Dunque, solo Dio e solo i nostri cari passati nell'altra dimensione ci amano spassionatamente e gratuitamente. 
Eppure, a ben guardare, vi sarebbe un terzo soggetto capace di tanto, almeno in linea teorica e a determinate condizioni: noi stessi. Ma, per fare eco alle sagge parole di Talamonti, si tratta di saper amare, il che non è cosa da tutti; di amare, cioè, nella maniera giusta; mentre, in questo campo, moltissimi sono coloro i quali credono di essere dei maestri, mentre non sono che degli autentici analfabeti.
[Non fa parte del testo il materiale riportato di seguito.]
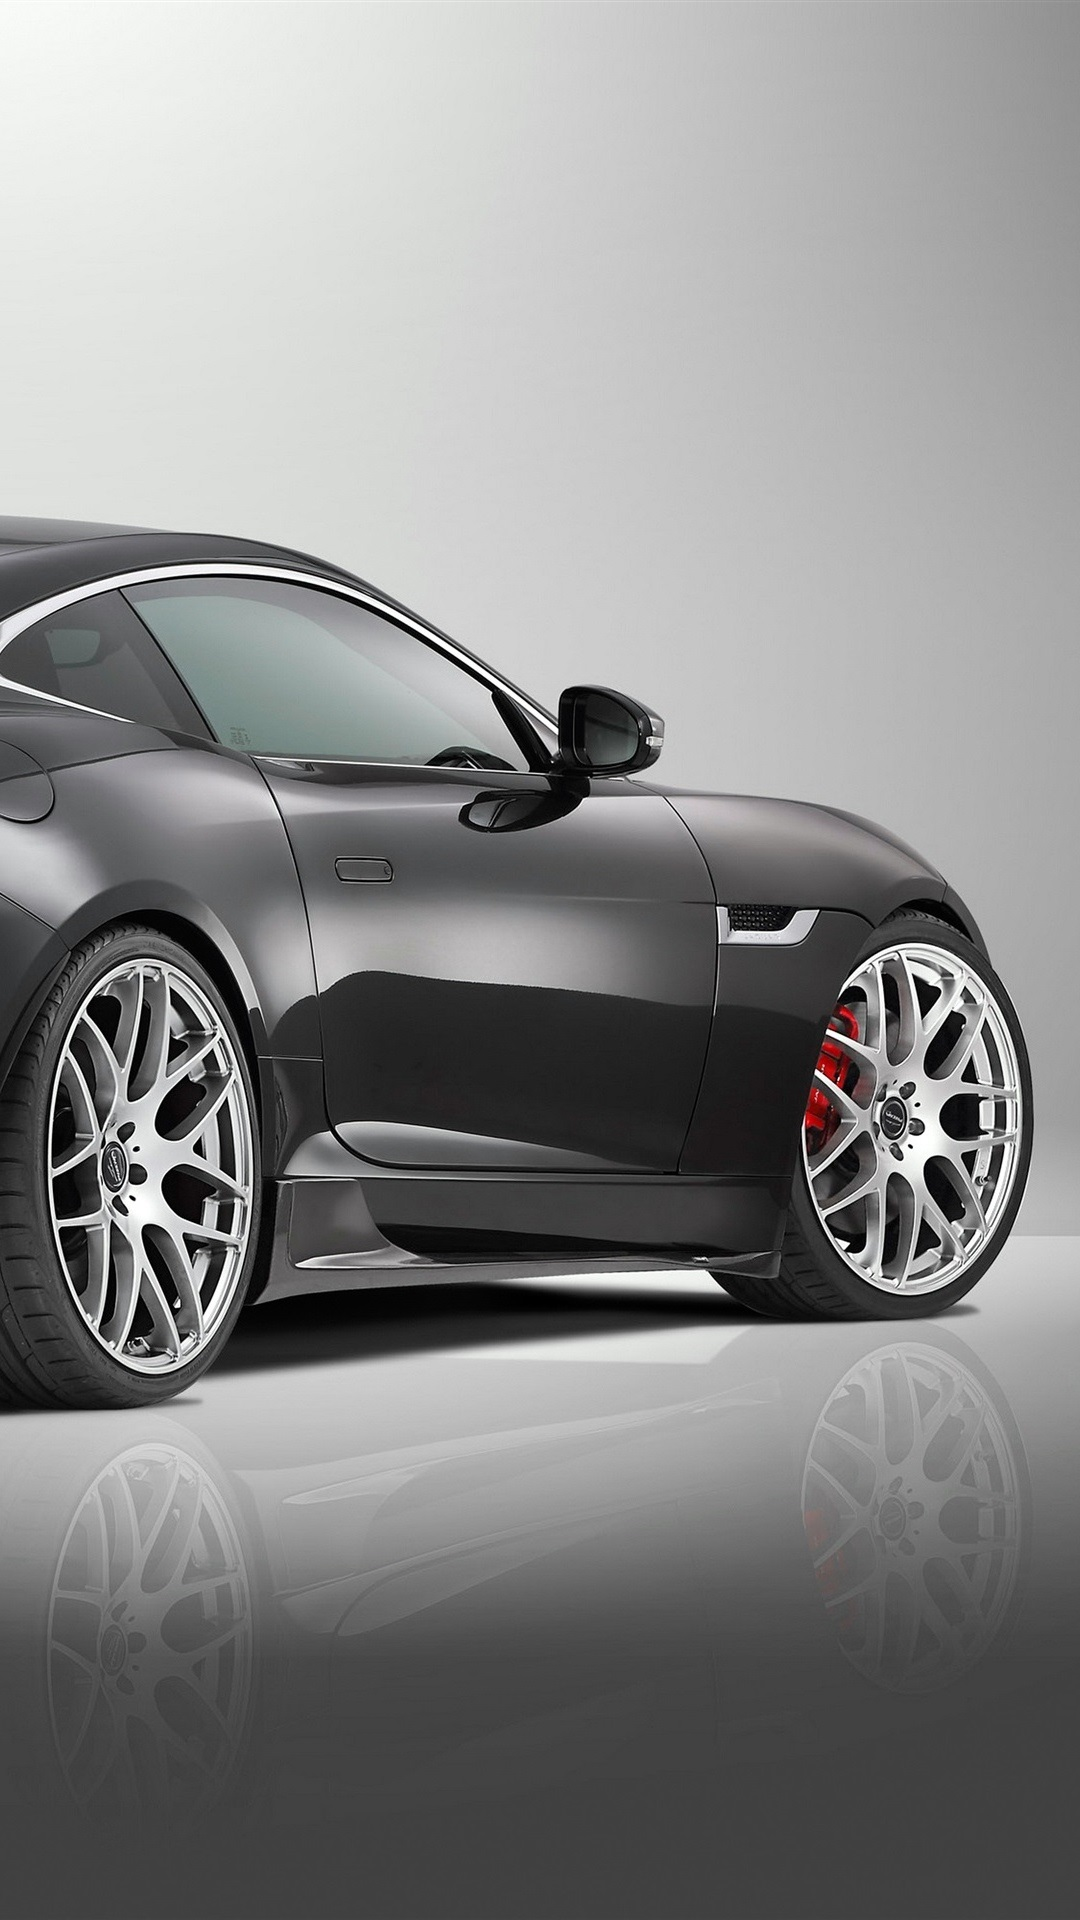 21 Jaguar F Type R Coupe, black supercar rear view 21x21 ...
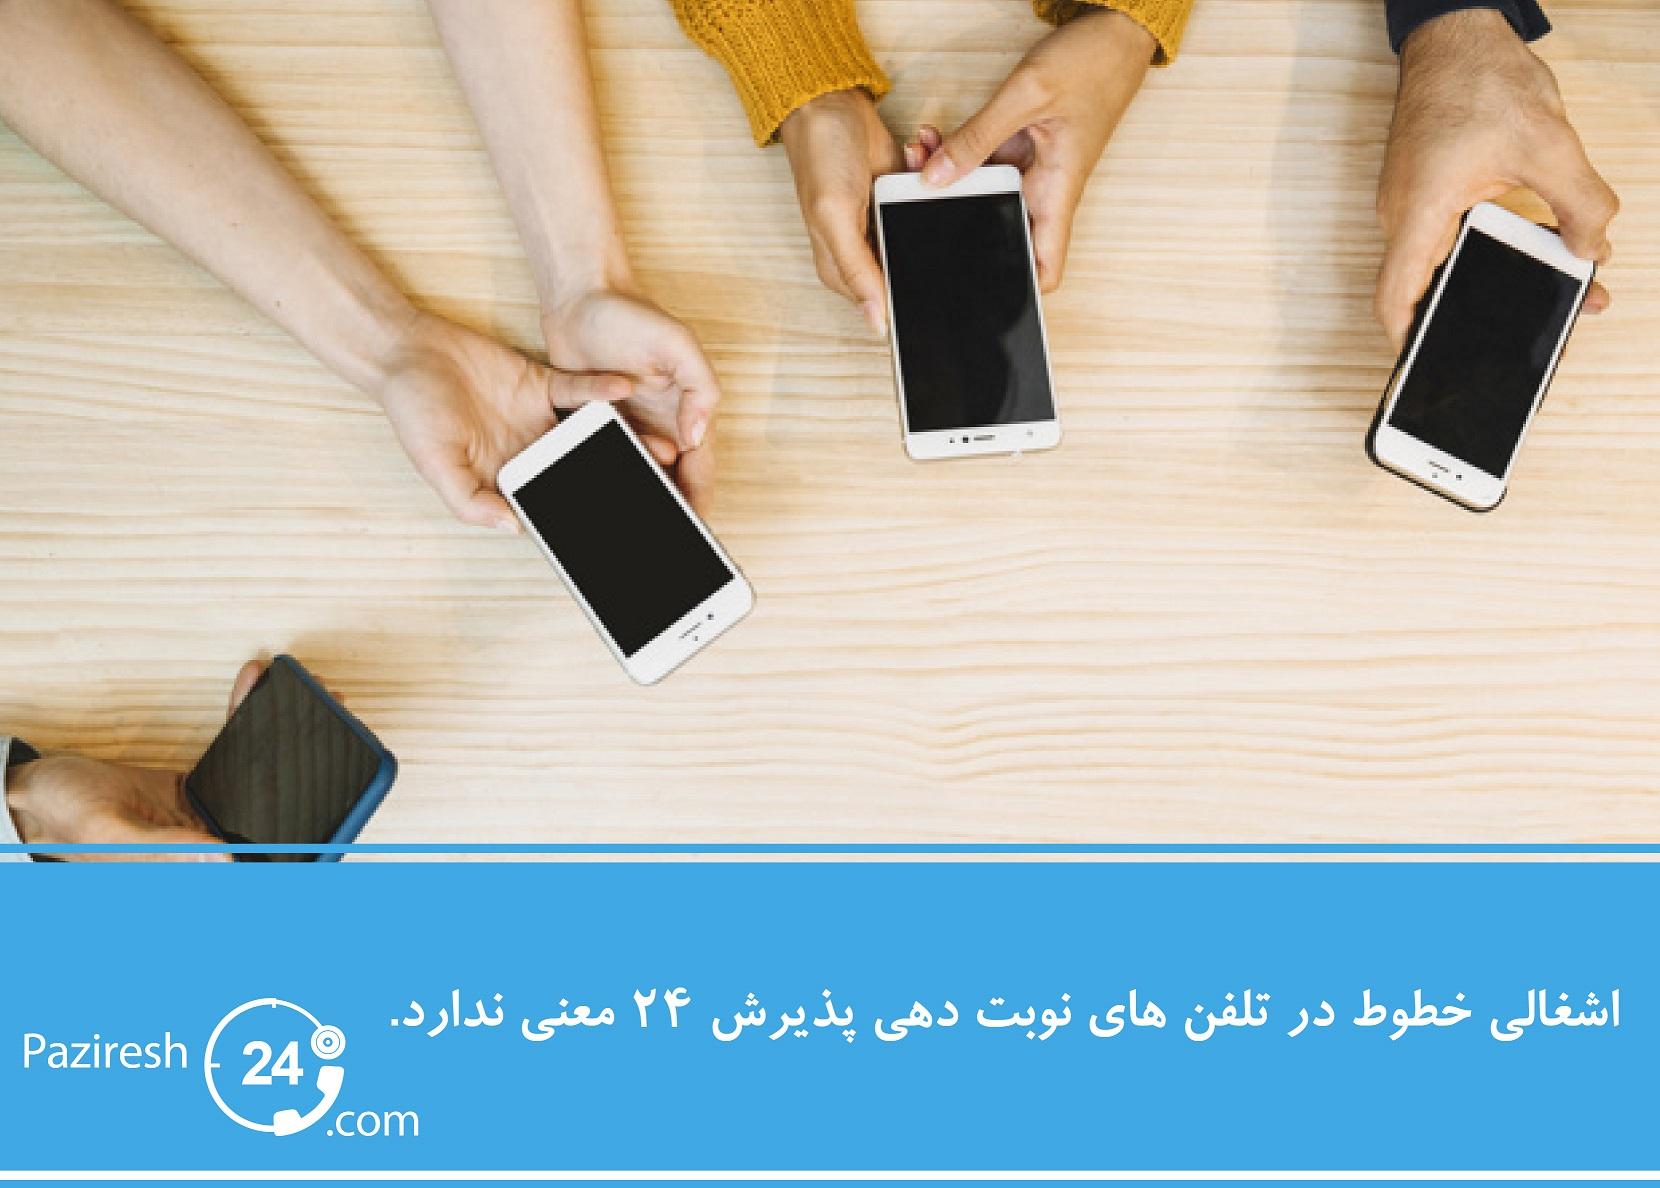 نوبت دهی تلفنی پذیرش 24

Amare se stessi nel modo giusto, significa desiderare e cercare il meglio per la propria parte essenziale, ossia per la propria anima; trascurando, semmai, la parte contingente ed effimera, la quale, essendo legata alle limitazioni del corpo, invecchierà e, un giorno, verrà messa in disparte, come un vestito che abbia ormai esaurito la propria funzione.
E il meglio cui tutti aspirano, ma - in genere - in maniera possessiva e confusa, non può essere che l'amore: quello vero, quello disinteressato, quello gratuito, paziente e inesauribile. Fare della propria anima uno strumento bene accordato, capace di vivere nella dimensione dell'amore: questo è il vero scopo della nostra esistenza, la ragione per la quale ci è stato dato un corpo e siamo stati immersi nella dimensione dello spazio e del tempo.
Nessuno può amarci più e meglio di quanto ci potremmo amare noi, se tenessimo ben fermo questo obiettivo; ma ciò presuppone la capacità di riconoscersi, guardarsi dentro e accettarsi, ossia, in definitiva, di scegliersi; e non è cosa che si possa improvvisare, ma che sopraggiunge, semmai, quale ricompensa ad un cammino di evoluzione spirituale impervio, tenace e coraggioso.
Ecco perché molti di noi si sentono indegni di essere amati per quello che sono: perché avvertono, intuitivamente, che essi per primi non sanno amarsi abbastanza; e che, di conseguenza, ciò che sono diventati non è che la brutta copia, quasi la caricatura, di quello che avrebbero potuto e dovuto diventare. 
E se io non mi amo abbastanza da desiderare e ricercare il meglio per me stesso, come posso sperare che altri provino per me un amore più grande di quello che mi concedo?
Dunque, per sentirsi degni di amore, bisogna riacquistare pregio ai propri occhi; e non vi è altro modo  di farlo, che quello di rimboccarsi le maniche, smettere di compatirsi e rialzare la testa, impegnandosi con ogni fibra a realizzare la propria evoluzione spirituale.
Solo un tale impegno ci renderà belli e desiderabili; solo così acquisteremo un valore evidente, che ci renderà amabili agli occhi dell'altro.
Ma, poiché il simile attira il simile, a quel punto l'incontro fra due anime non sarà più una evasione fuggevole, capace magari di lasciarsi dietro delusione e amarezza; ma la comunione di due anime desiderose e capaci di arricchirsi reciprocamente, di donarsi l'un l'altra, di aiutarsi a perfezionarsi ulteriormente.